─── DATA EXCERPTS
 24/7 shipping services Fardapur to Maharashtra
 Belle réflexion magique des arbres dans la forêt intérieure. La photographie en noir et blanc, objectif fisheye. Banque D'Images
──────
─── DATA EXCERPTS
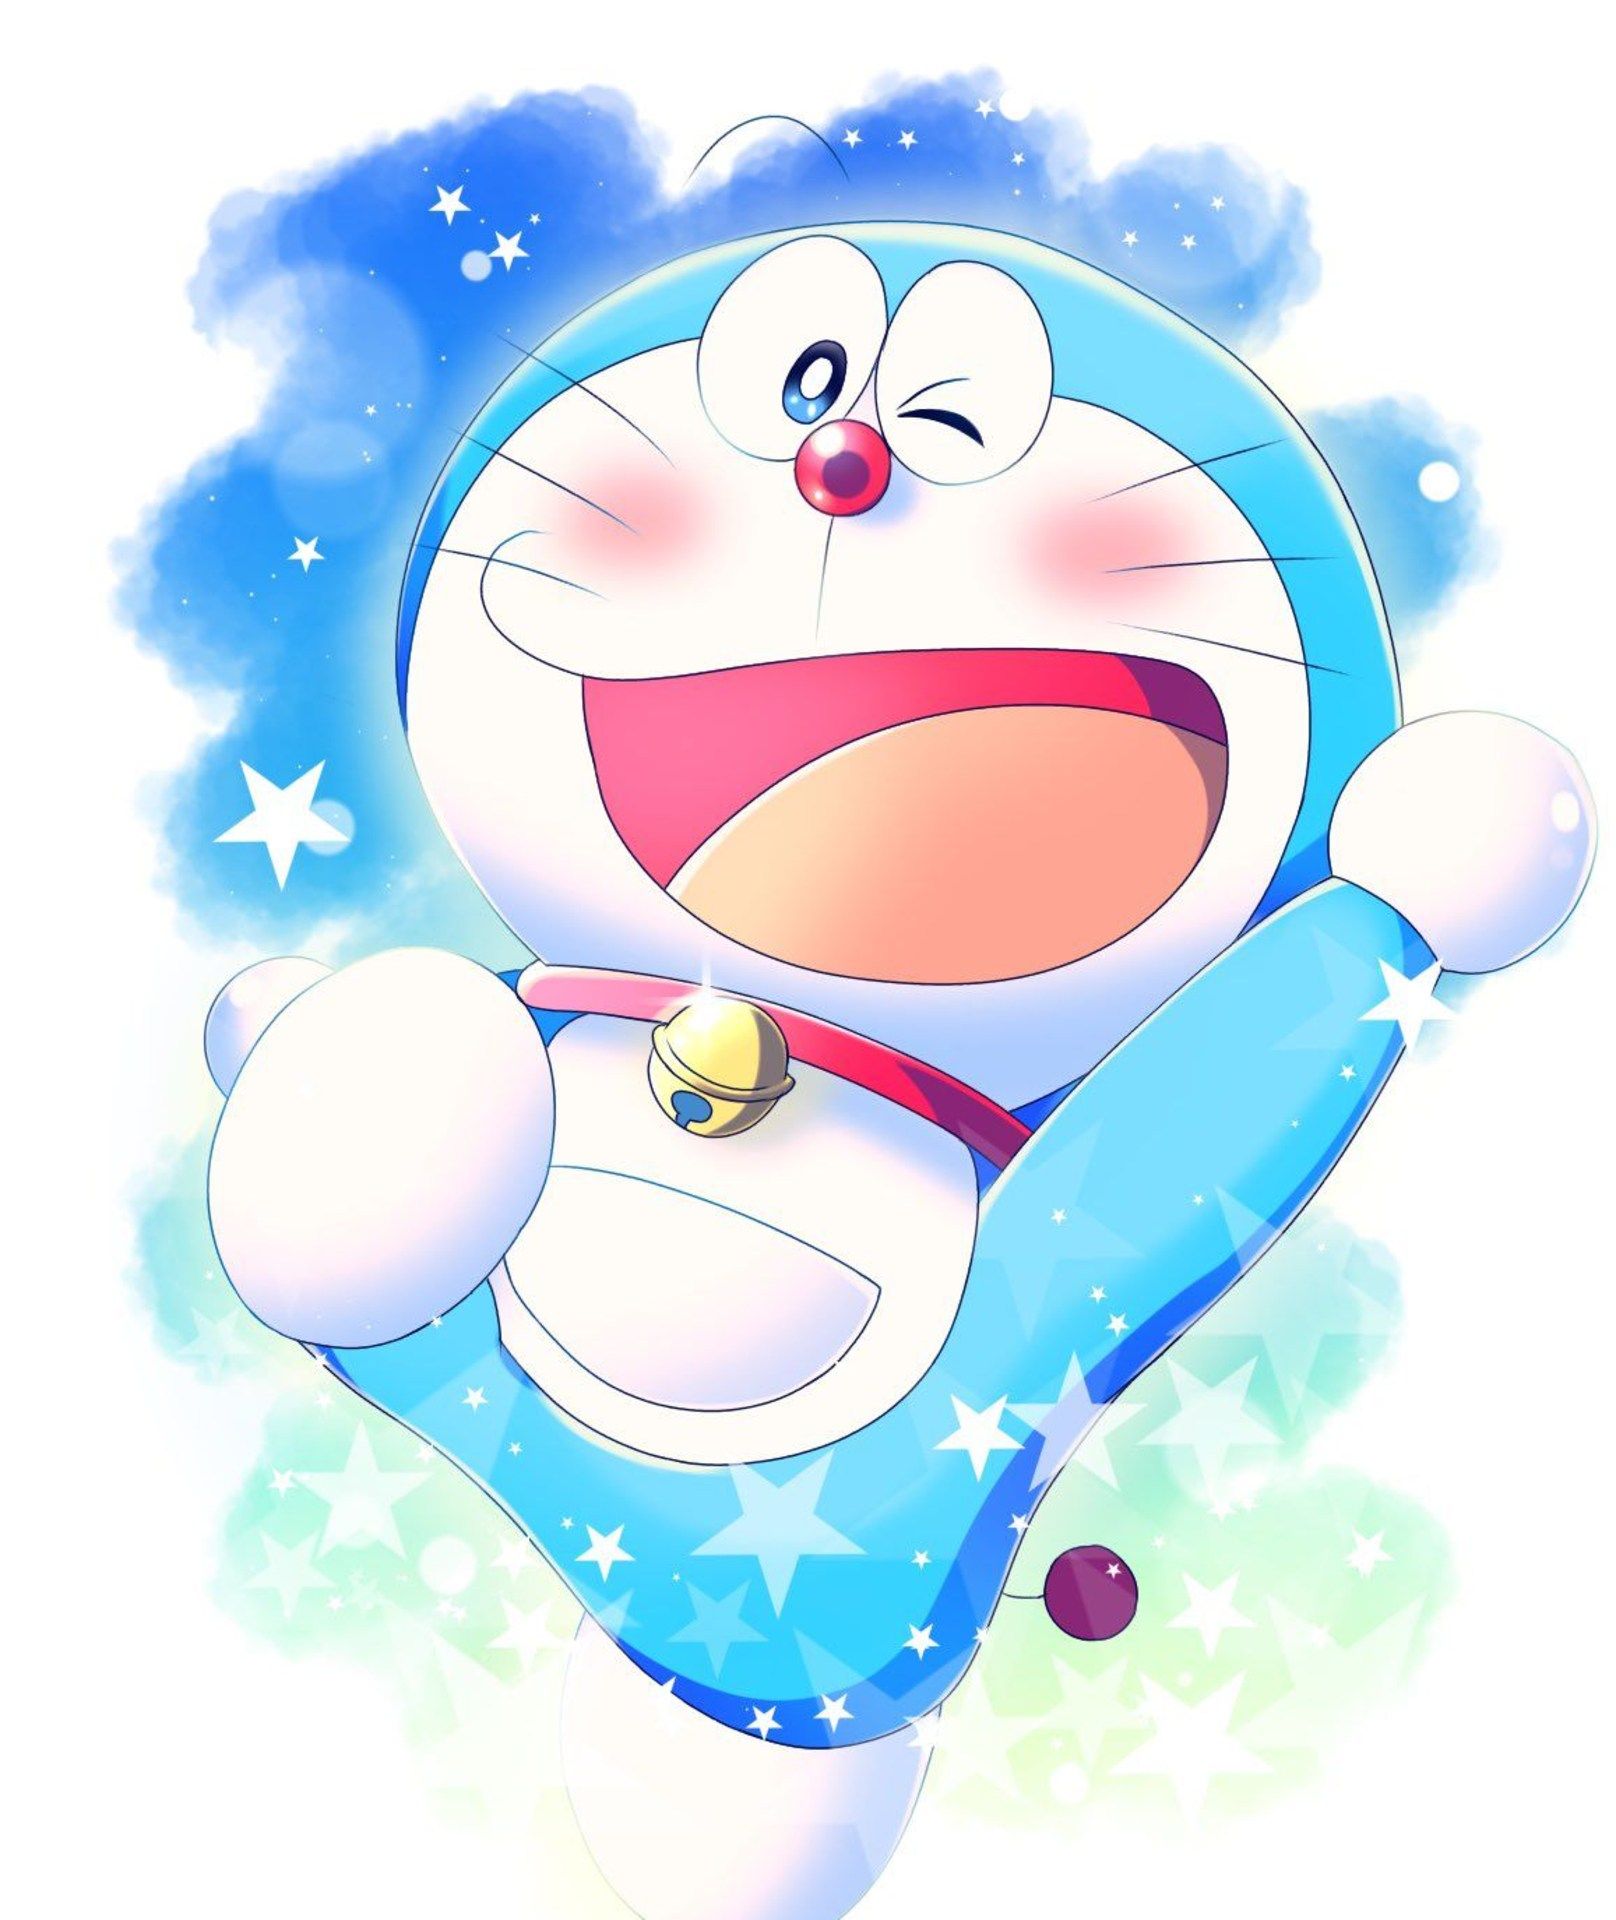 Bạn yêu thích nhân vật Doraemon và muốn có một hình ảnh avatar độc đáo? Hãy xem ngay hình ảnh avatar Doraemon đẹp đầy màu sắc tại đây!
──────
─── DATA EXCERPTS
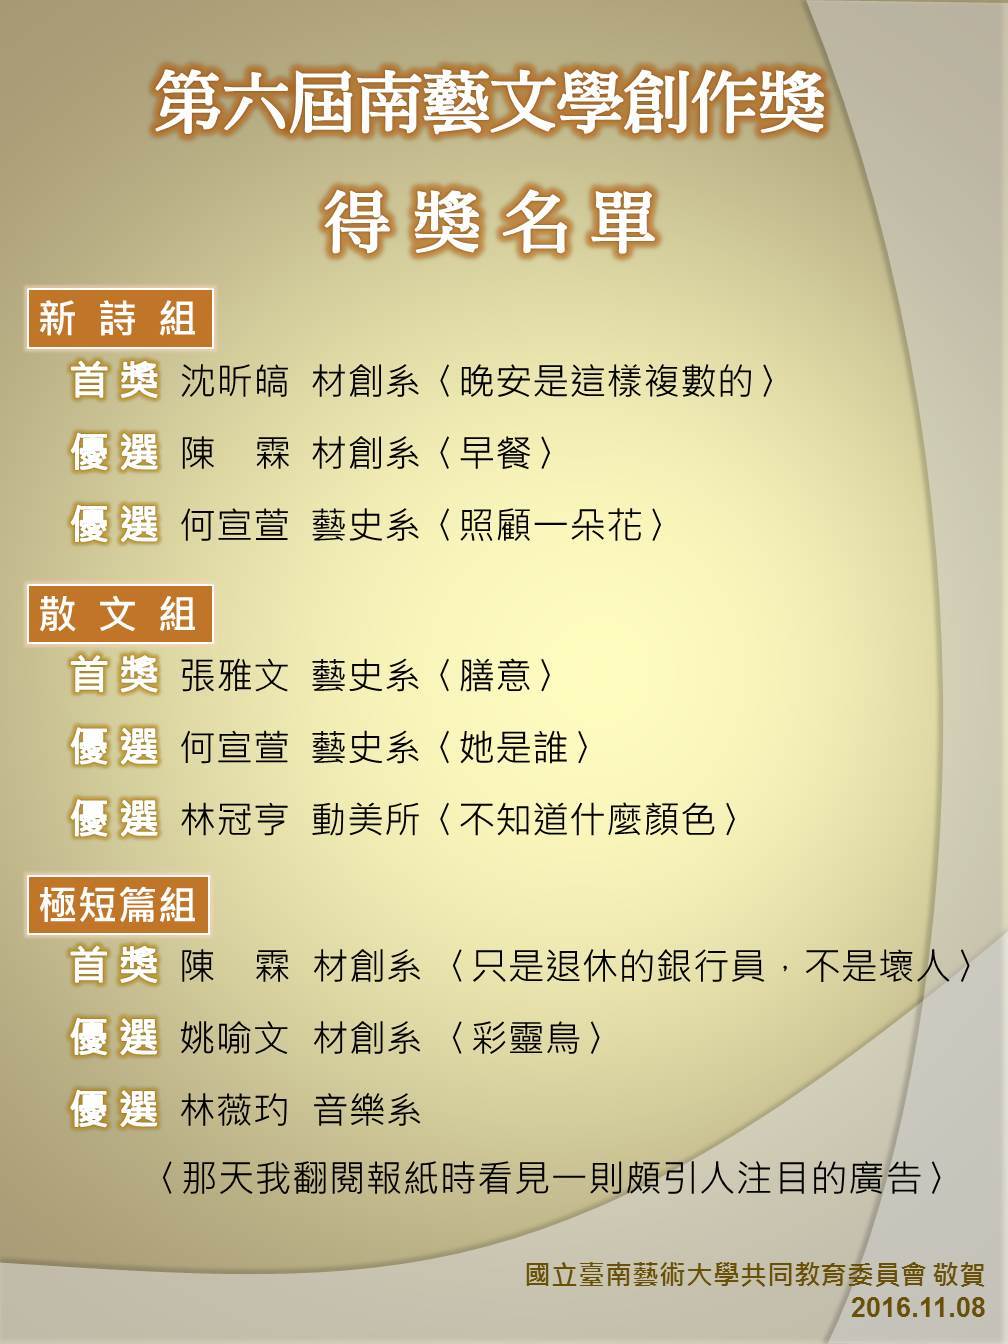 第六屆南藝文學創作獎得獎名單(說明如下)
──────
• **WORK INSTRUCTIONS**: Both the line containing "24/7 shipping services" and the line containing "Belle réflexion magique" belong in the answer. Print them and every line above that falls between them exactly, and no others.

• **OUTPUT FOR THIS EXERCISE**:
 24/7 shipping services Fardapur to Maharashtra
 Belle réflexion magique des arbres dans la forêt intérieure. La photographie en noir et blanc, objectif fisheye. Banque D'Images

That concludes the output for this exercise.